You have to love a recipe where you get your meat, vegetables, and starch all in one delicious, package.
I rarely make them exactly the same way. I use different set of herbs and seasoning depending on what strikes my fancy looking through the spice cabinet, what kind of meat I have or just want to make a meatless version. I like to use red and yellow bell peppers because they are sweeter then green ones; use the type you like best. This filling is great stuffed in cabbage or grape leaves, in zucchini or eggplants.

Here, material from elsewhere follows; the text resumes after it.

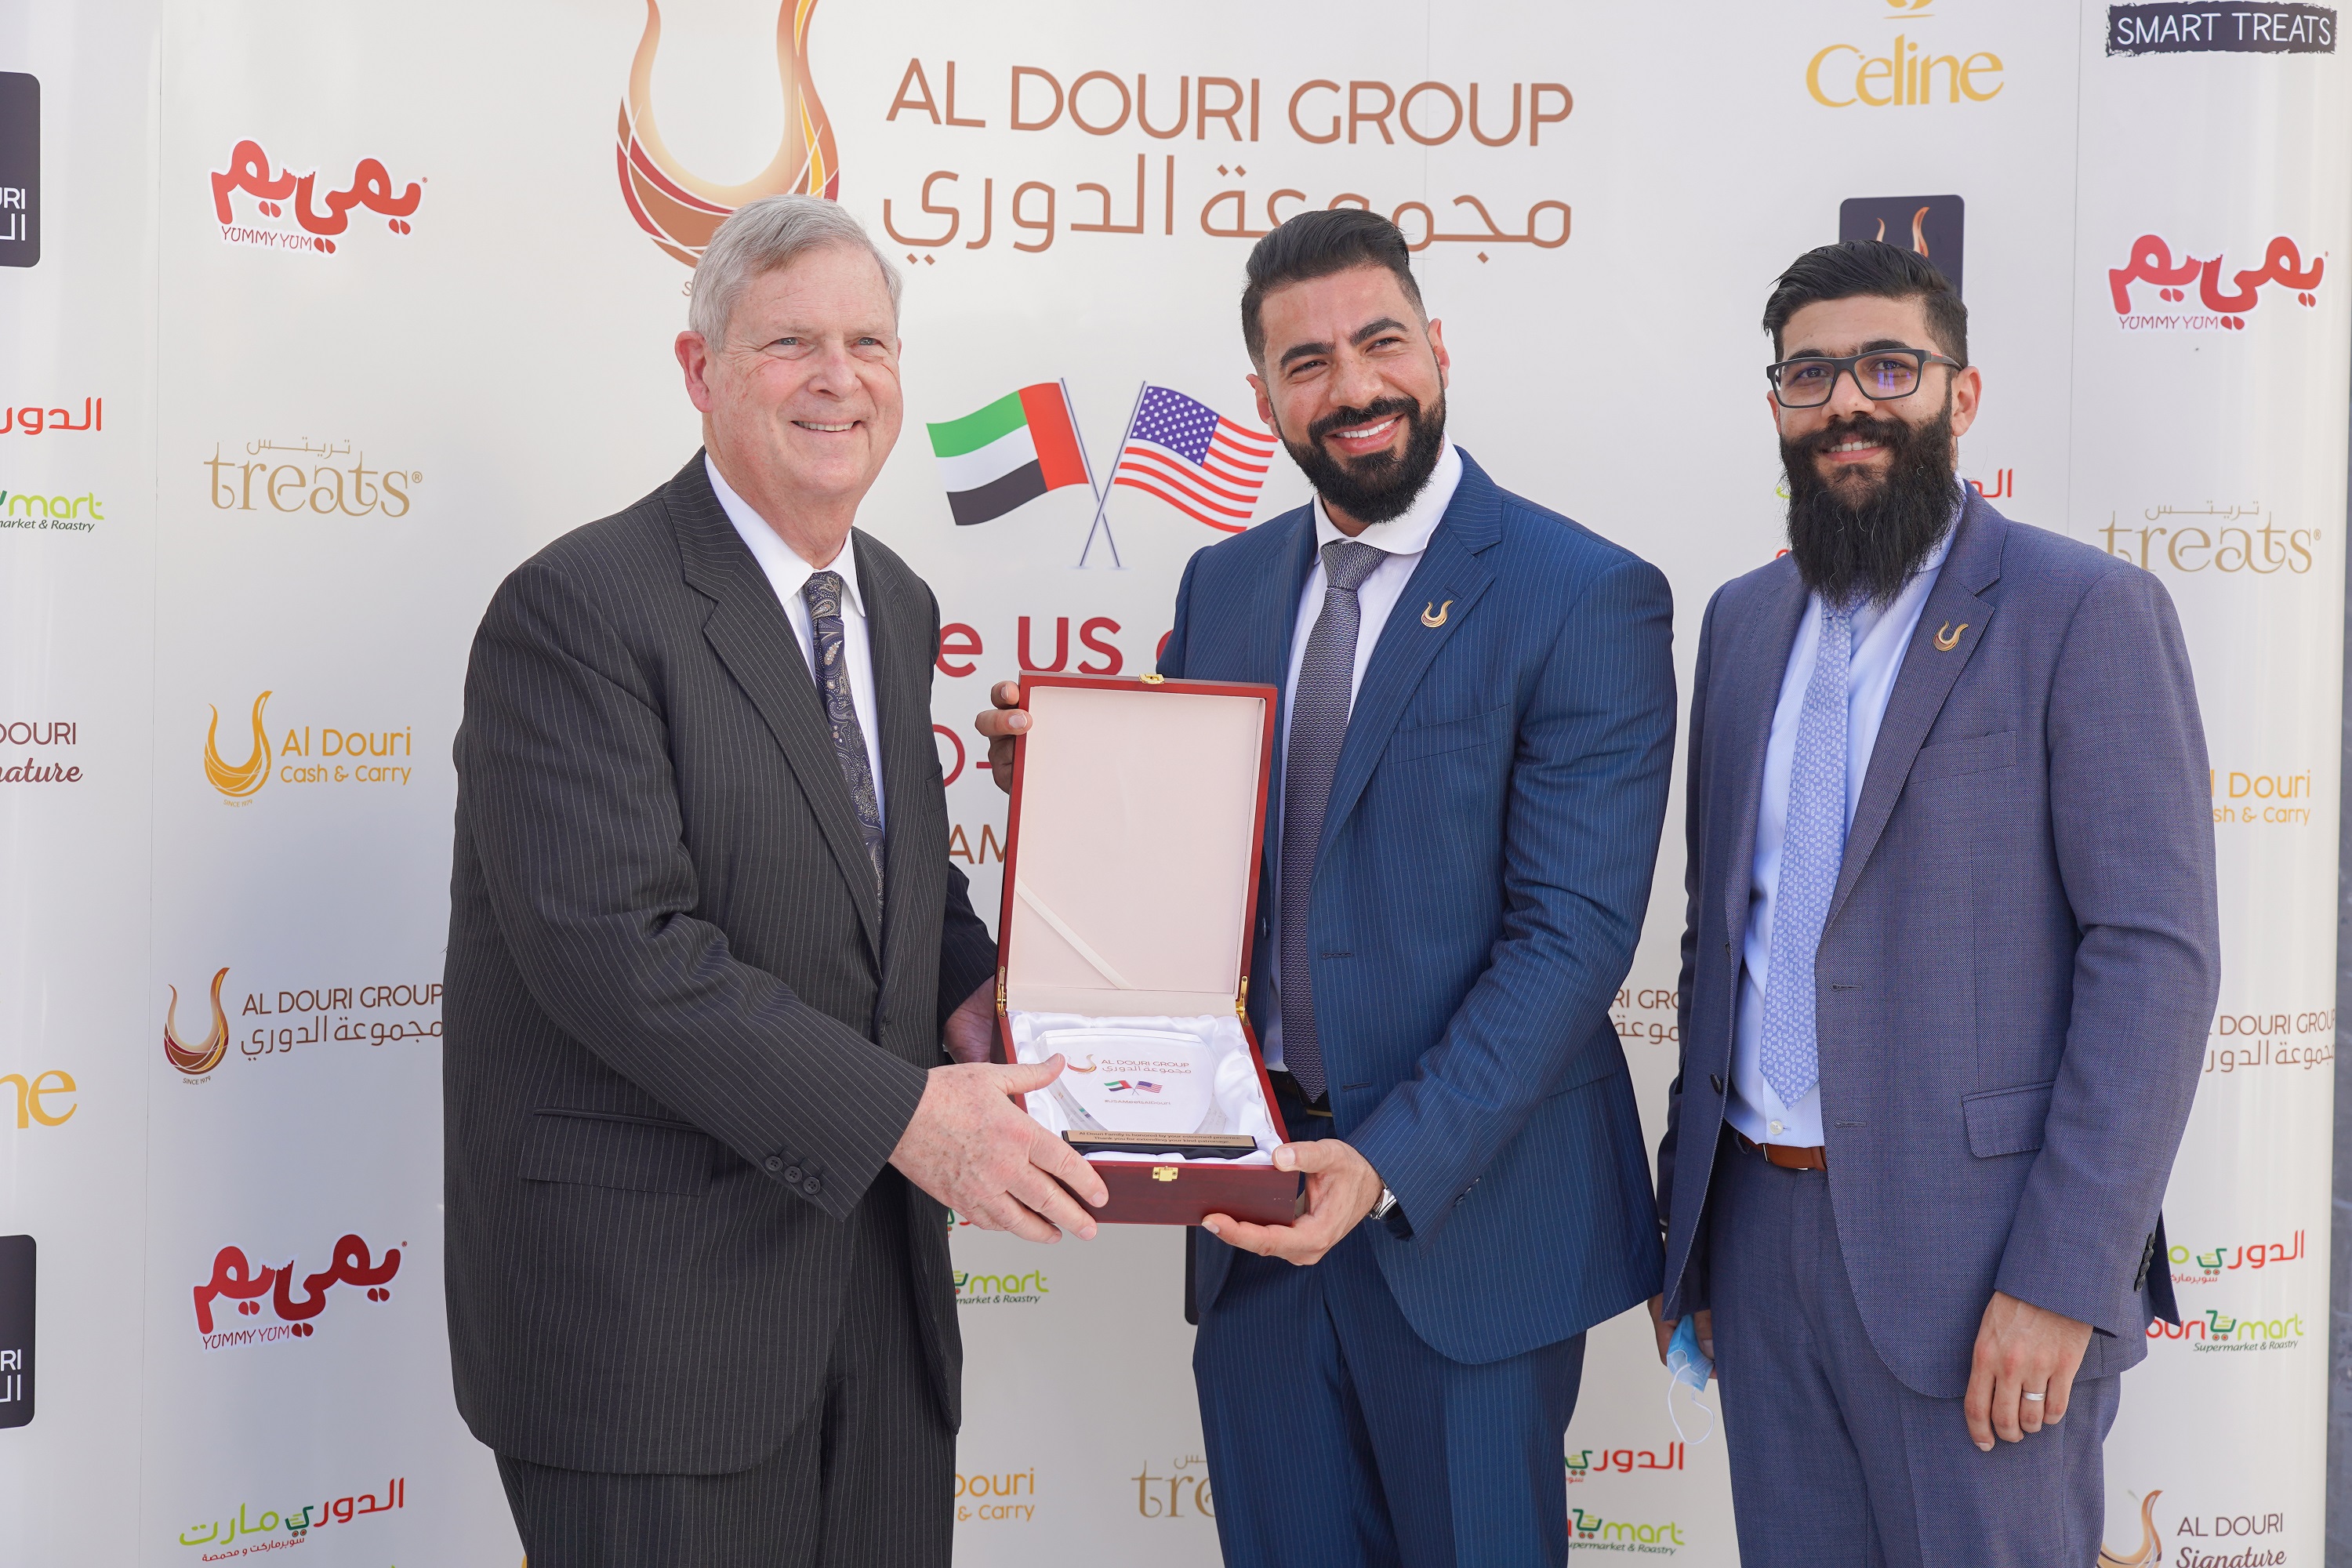 U.S. AG secretary Tom Vilsack visits Al Douri Group

I cut the peppers in half lengthwise, so the filling ratio is much more and they cook evenly. The only request I have is, never put eggs, breadcrumbs and cooked rice, this filling isn’t a meatloaf. A very flavorful tomato sauce, the best meat, a lot of vegetables and fresh herbs will make this dish irresistible. In this recipe I used beef and lamb, kind-of a Greek-Style version and thought that a combination of mint and dill will work perfect; it really does. —Kukla
Serves 6 (2 per portion) or 12 if serving with a side dish
For the Tomato Sauce (makes 4 1/2 to 5 cups)
- • 1/4 cup olive oil, I used Kalamata olive oil
- • 1 large Spanish or yellow onion, diced
- • 4 garlic cloves, peeled and thinly sliced
- • 1 1/2 teaspoons kosher salt
- • 1 medium carrot, shredded
- • 1 medium parsley root or parsnip, shredded
- • 2 celery ribs, diced
- • 1/2 teaspoon red pepper flakes
- • 2 (28-ounce) cans crushed tomatoes and their juice
- • 1/4 cup red wine vinegar + 2 tablespoons packed light brown sugar
- • 3 tablespoons of each, chopped fresh mint leaves and dill or parsley and dill
- To make the sauce: heat the olive oil in a large saucepan, add the onions and garlic, salt and red pepper flakes; cook over medium-low heat for 8 to 10 minutes, until translucent. Add carrot, parsley root or parsnip and celery; cook for a few more minutes, until they are quite soft.
- Add tomatoes, vinegar and brown sugar. Bring to a boil, stirring often; then lower the heat and simmer uncovered for 30 minutes, stirring occasionally. Of the heat mix-in mint and dill. Set aside. This sauce holds 1 week in the refrigerator or up to 2 months in the freezer.
For the filling
- • 1 pound beef chuck, ground
- • 1 pound lamb shoulder, ground
- • 1/2 cup uncooked white long grain rice
- • 1 medium roughly chopped Spanish or yellow onion
- • 1 teaspoon kosher salt
- • 1/2 teaspoon freshly ground black pepper
- • 2 tablespoons fresh mint leaves, chopped
- • 6 large red or any color you like bell peppers, washed, cut in half lengthwise, seeds and membranes removed
- Preheat the oven to 350 degrees F.
- To prepare the filling: Place rice in a small bowl and cover with boiling water; cool to room temperature and then drain well but do not wash. Cut the meat in 1-inch cubes and run it through a meat grinder together with the chopped onion to a large bowl. Combine the ground meat and onion mixture, the drained rice, salt, black pepper, mint and 1 heaping cup of the tomato sauce; mix well.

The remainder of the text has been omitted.